TheChymera commented 7 years ago

@josef-pkt I would be happy to contribute a relevant example if you can tell me where the source of the documentation is

yl565 commented 7 years ago

@josef-pkt why I'm receiving this error?

---------------------------------------------------------------------------
AttributeError                            Traceback (most recent call last)
<ipython-input-7-2b50b83a8566> in <module>()
     17     md = smf.mixedlm("value ~ nback", data, groups=data["subject"])
     18     mdf = md.fit()
---> 19     anova = md.f_test([[0,1,0,0],[0,0,1,0]])
     20     print(anova)
     21 

AttributeError: 'MixedLM' object has no attribute 'f_test'

statsmodels version: '0.8.0.dev0+5797248'

kshedden commented 7 years ago

There is no f_test implemented for MixedLM. A PR would be welcome, but note there is a lot of debate about how to do this properly, especially in terms of setting the degrees of freedom.

Kerby

On Thu, Dec 1, 2016 at 7:12 PM, Yichuan Liu notifications@github.com wrote:

@josef-pkt https://github.com/josef-pkt why I'm receiving this error?

---------------------------------------------------------------------------AttributeError Traceback (most recent call last) in () 17 md = smf.mixedlm("value ~ nback", data, groups=data["subject"]) 18 mdf = md.fit()---> 19 anova = md.f_test([[0,1,0,0],[0,0,1,0]]) 20 print(anova) 21 AttributeError: 'MixedLM' object has no attribute 'f_test'

statsmodels version: '0.8.0.dev0+5797248'

— You are receiving this because you were mentioned. Reply to this email directly, view it on GitHub https://github.com/statsmodels/statsmodels/issues/3262#issuecomment-264336026, or mute the thread https://github.com/notifications/unsubscribe-auth/ACiww8gmmhAVzFKe6-VGxxdIpJdzDarmks5rD2KGgaJpZM4Kq057 .
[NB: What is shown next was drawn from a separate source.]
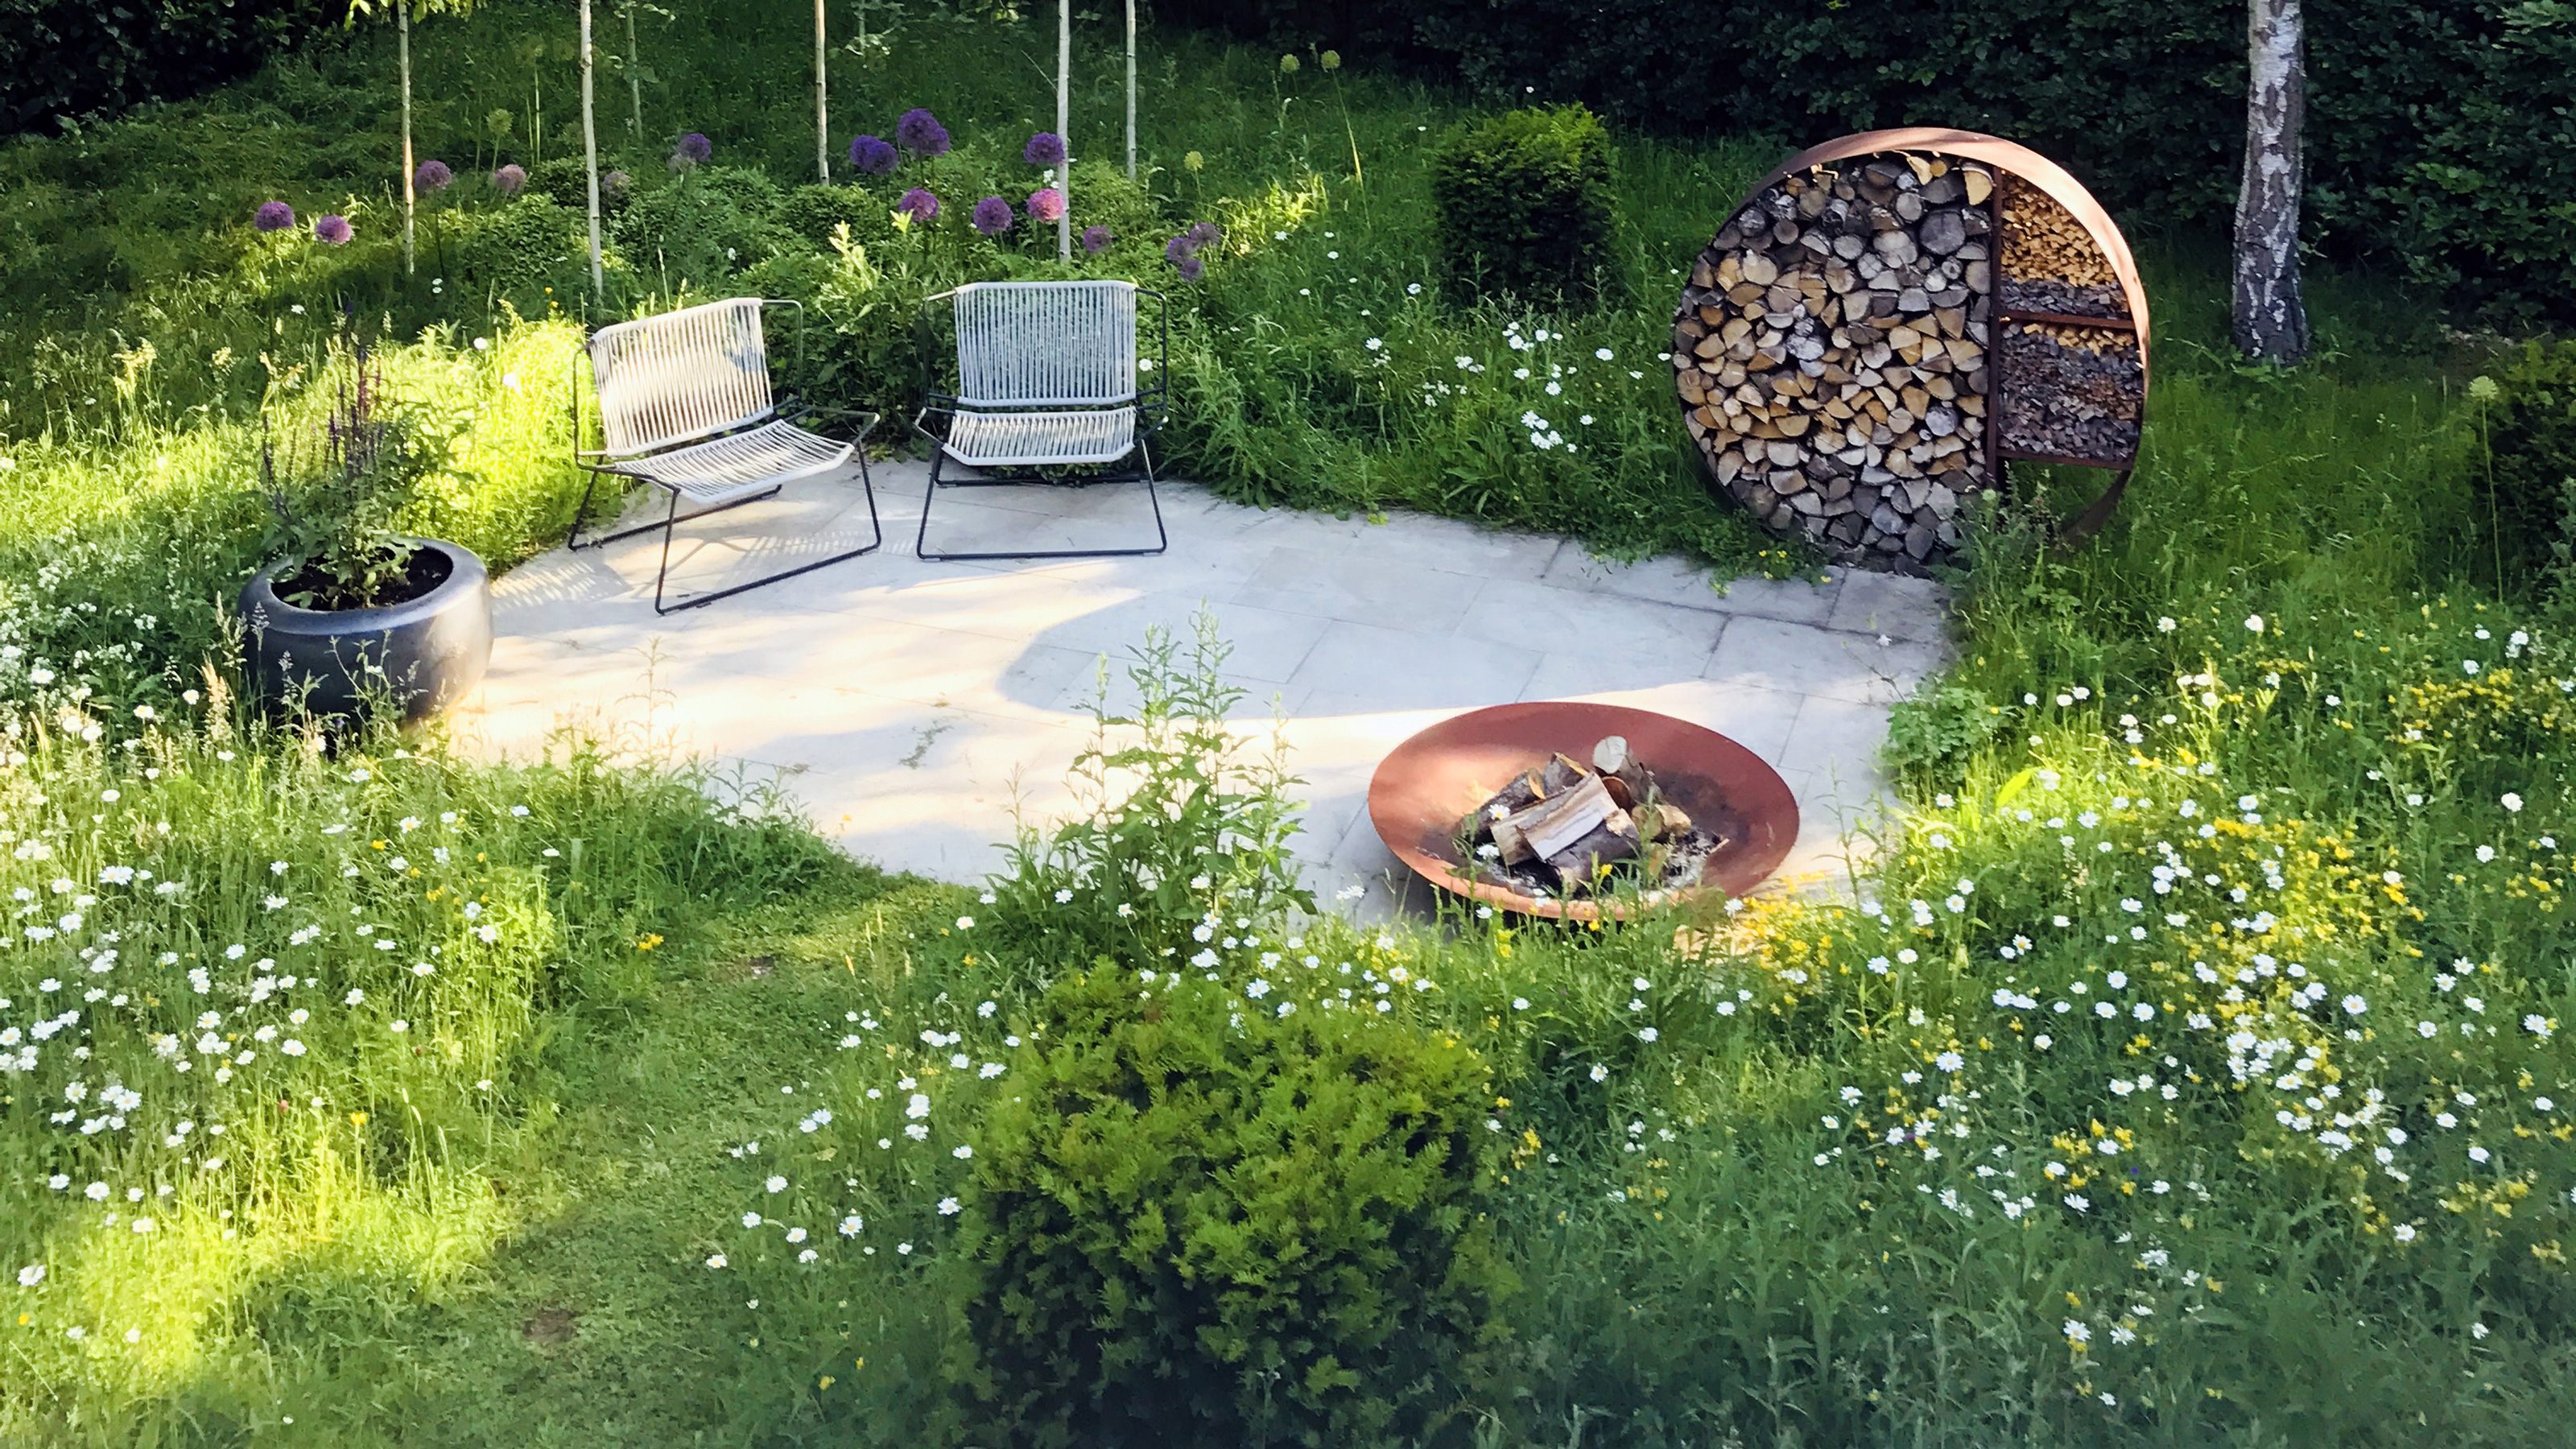 Image of Circle garden bed made of logs with wildflowers

josef-pkt commented 7 years ago

@yl565 You used the model instance instead of the results instance f_test and wald_test are inherited in the Results instance AFAICS from the code, but they most likely won't work, but should raise a shape mismatch or some other exception. wald_test has a use_t option to switch between t and normal distribution for the test and the corresponding default otherwise it's the same as f_test. However, wald_test requires df_resid, AFAIR, even though it is not used if use_t=False. MixedLMResults defines df_resid, I've just seen.

So wald_test (instead of f_test) could be made to work for MixedLM by using the same overwriting of the inherited method as in t_test.

All models except for the linear regression models like OLS and WLS default to using the asymptotic normal distribution. (default use_t=False is inherited unless overwritten)

josef-pkt commented 6 years ago

I'm adding missing labels, but I'm not sure what the status is.

josef-pkt commented 6 years ago

just an update and a gist (while triaging unlabeled issues)

both f_test and wald_test work with the full params length, e.g. rslt2.f_test(np.eye(len(rslt2.params)))

However, t_test uses only the fixed effects params (and result in t_test look to be the same as in summary (which is summary2 version), and raises/breaks with full length constrained np.eye(len(rslt2.params))

rslt2.k_fe < len(rslt2.params)

rslt2.t_test(np.eye(rslt2.k_fe))

gist, using a copy-paste of a test case and trying out the test methods https://gist.github.com/josef-pkt/74d76966c7770598bfdb491569808939

jpzhangvincent commented 3 years ago

Is there a roadmap to add likelihood ratio test for mixedlm models?